> Work required
Retype the data below exactly, skipping pictures.

> Provided data
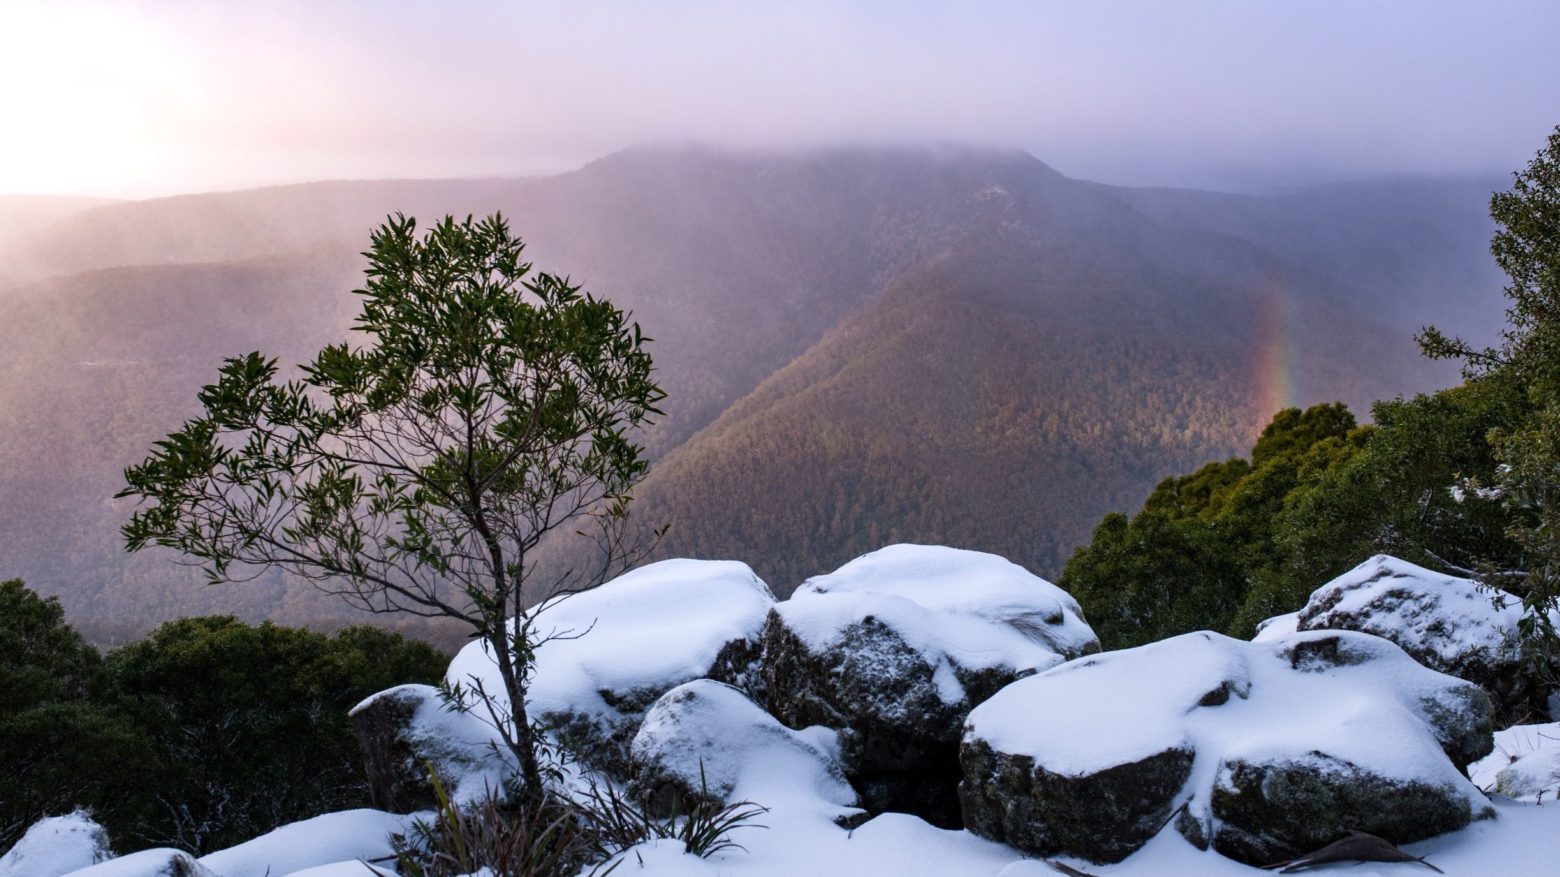 Seeing Barrington Tops snow is a favourite.
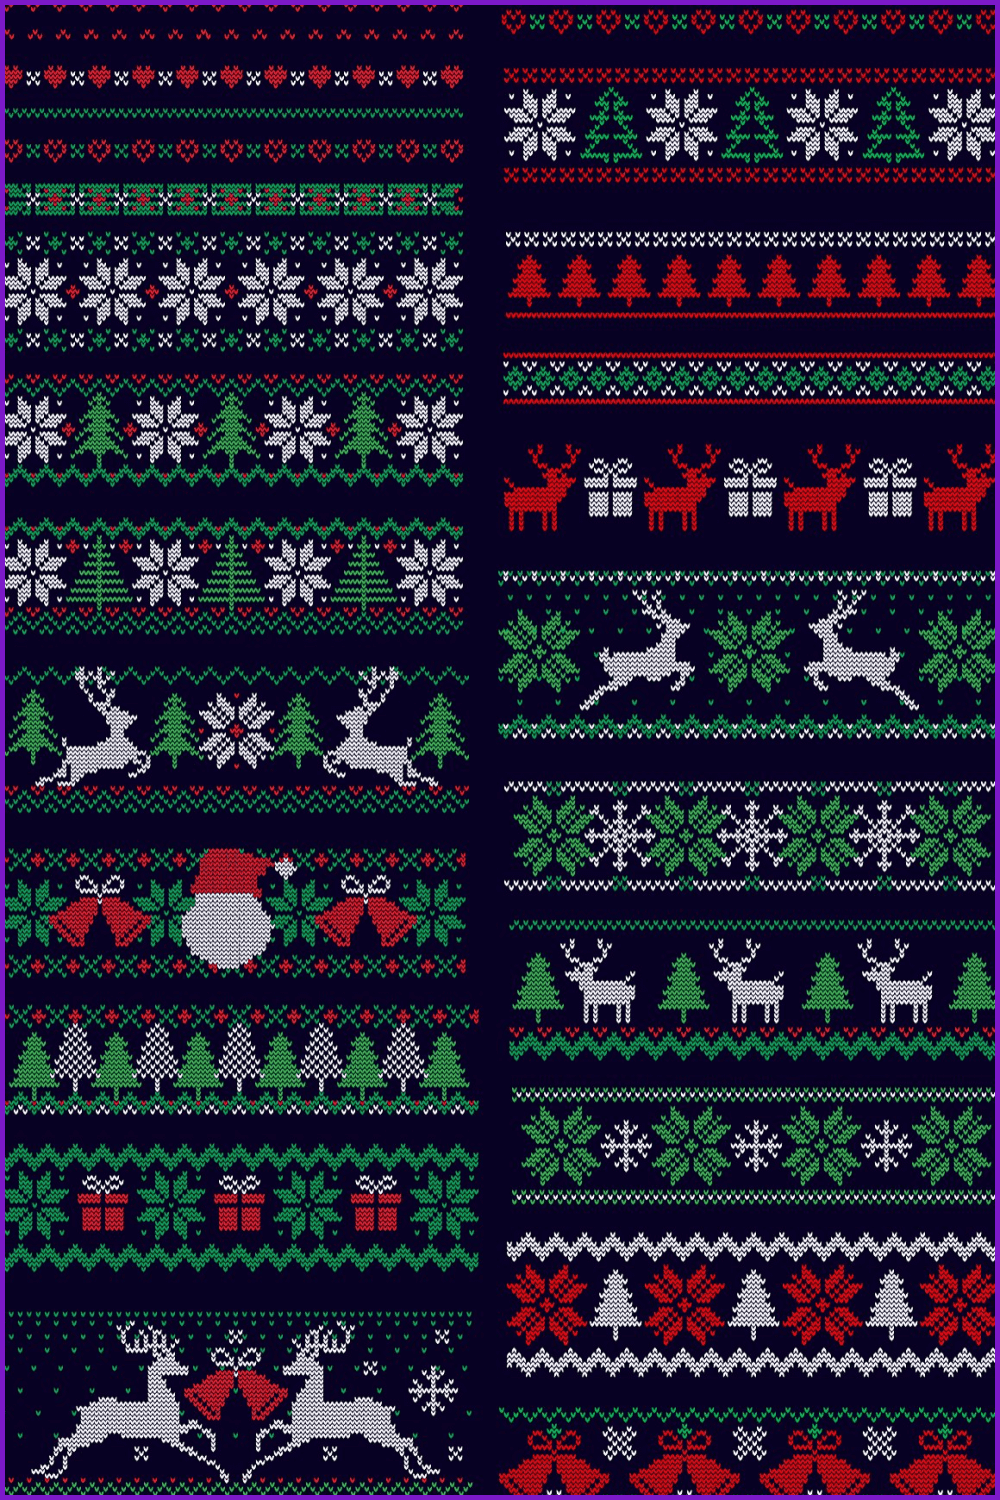 Collage of pixel deer, Christmas trees, gifts and snowflakes.
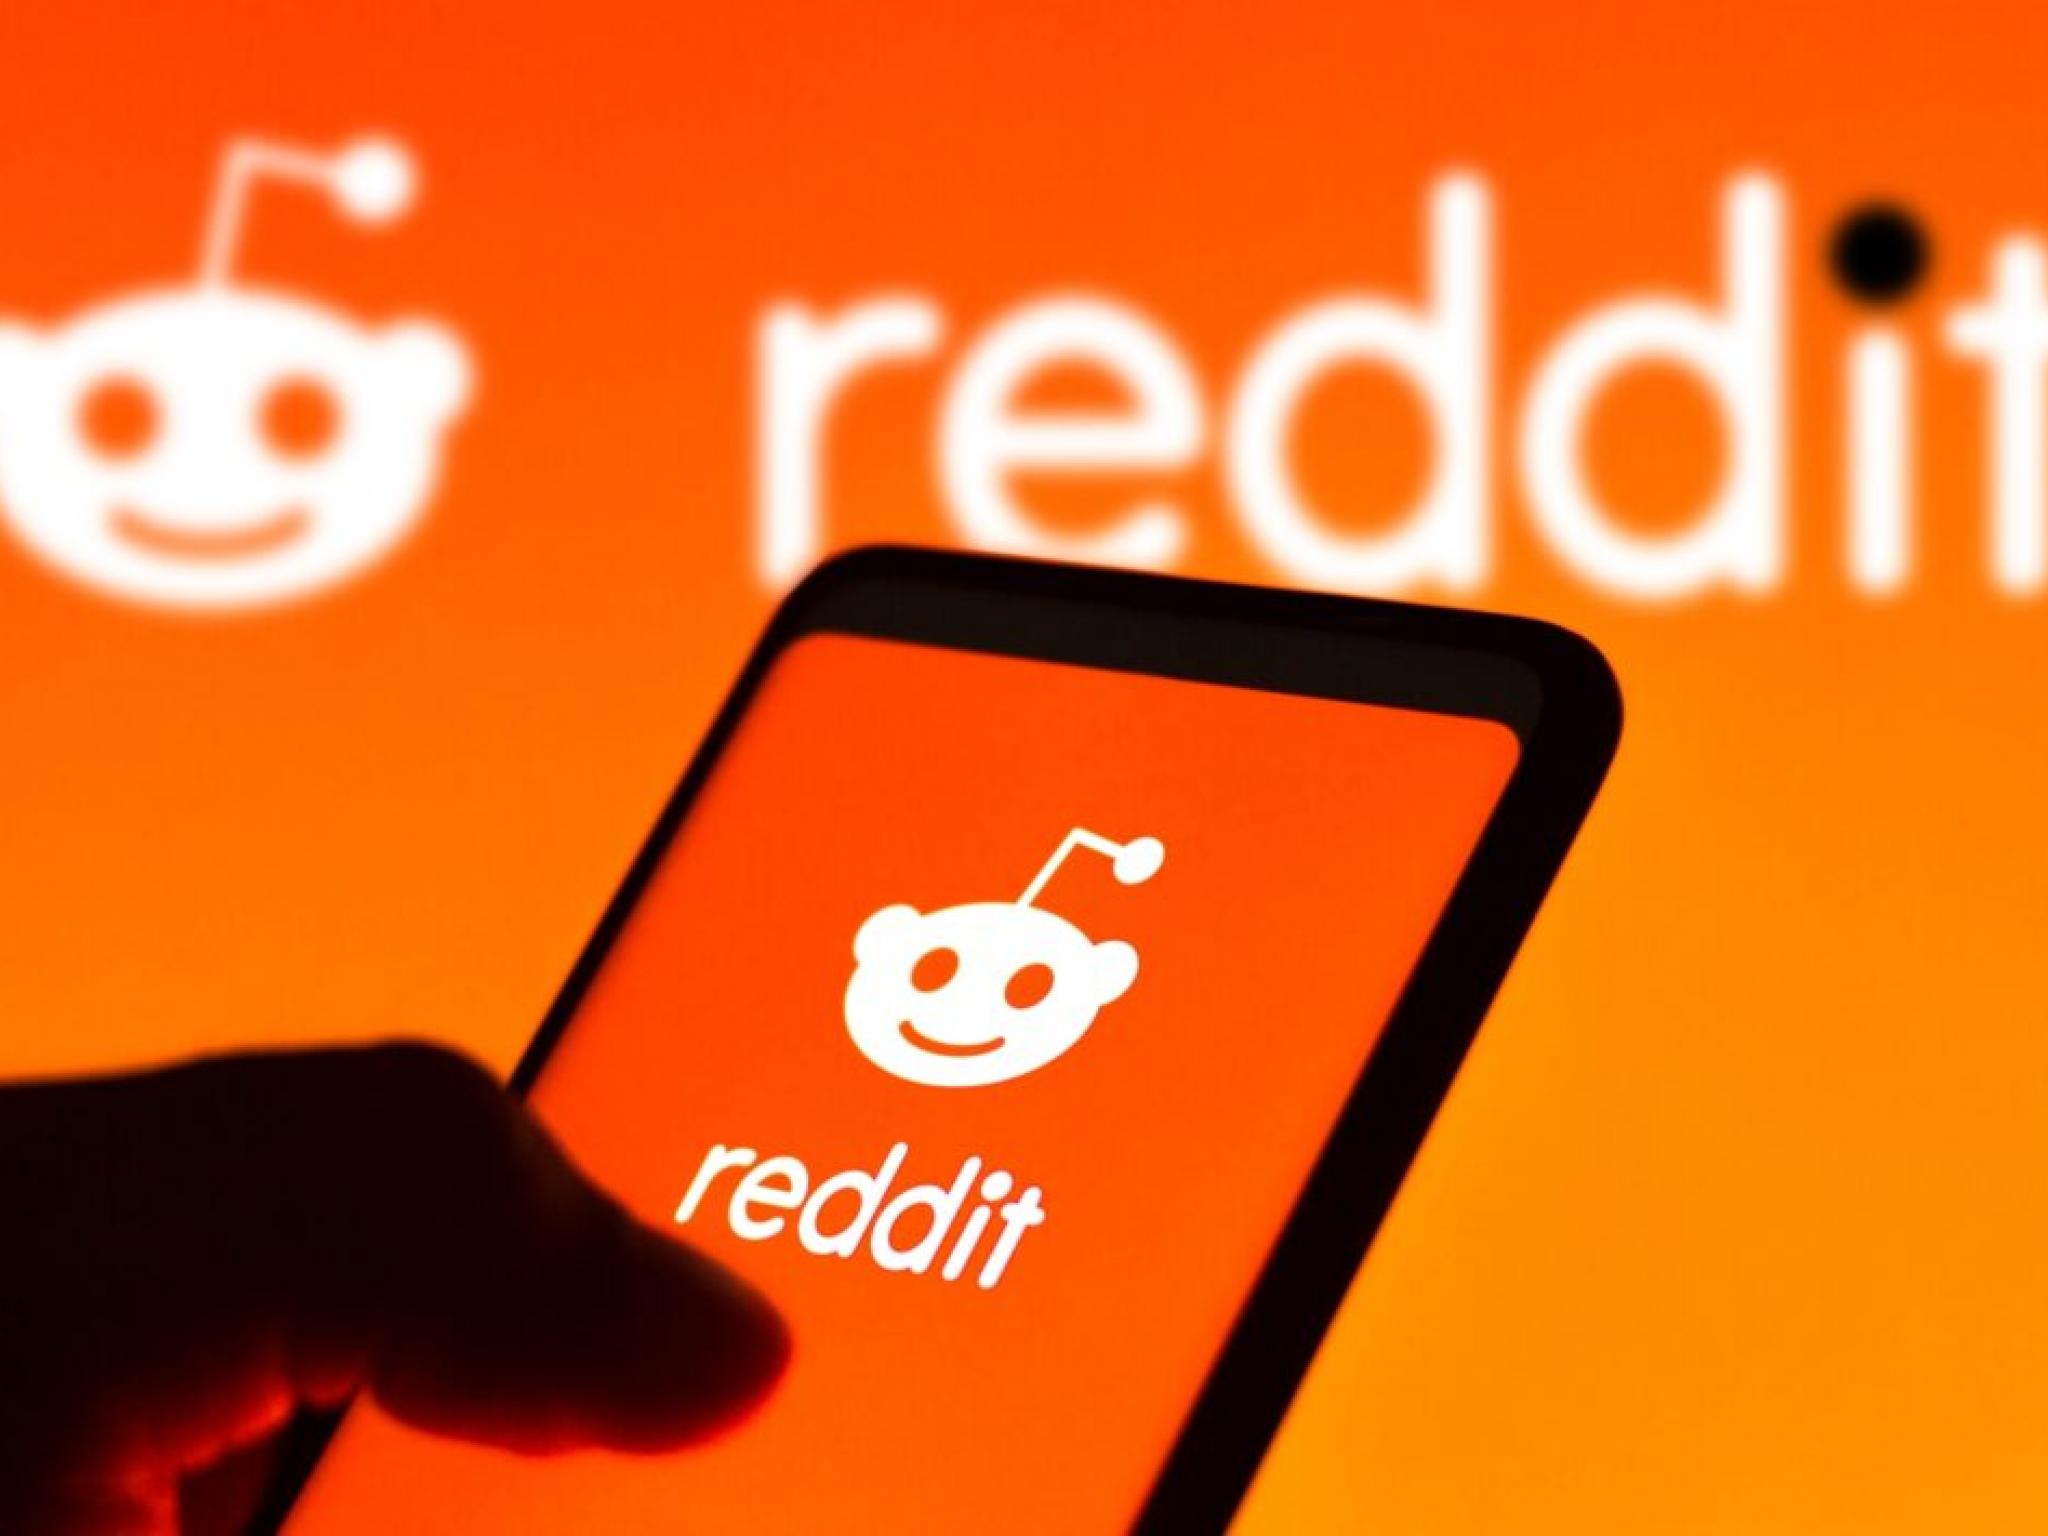  reddit-stock-surges-nearly-9-after-announcing-new-platform-update-to-block-automated-content-scraping-following-reports-of-leading-ai-startups-ignoring-rules

> Written response
 Seeing Barrington Tops snow is a favourite.
 Collage of pixel deer, Christmas trees, gifts and snowflakes.
  reddit-stock-surges-nearly-9-after-announcing-new-platform-update-to-block-automated-content-scraping-following-reports-of-leading-ai-startups-ignoring-rules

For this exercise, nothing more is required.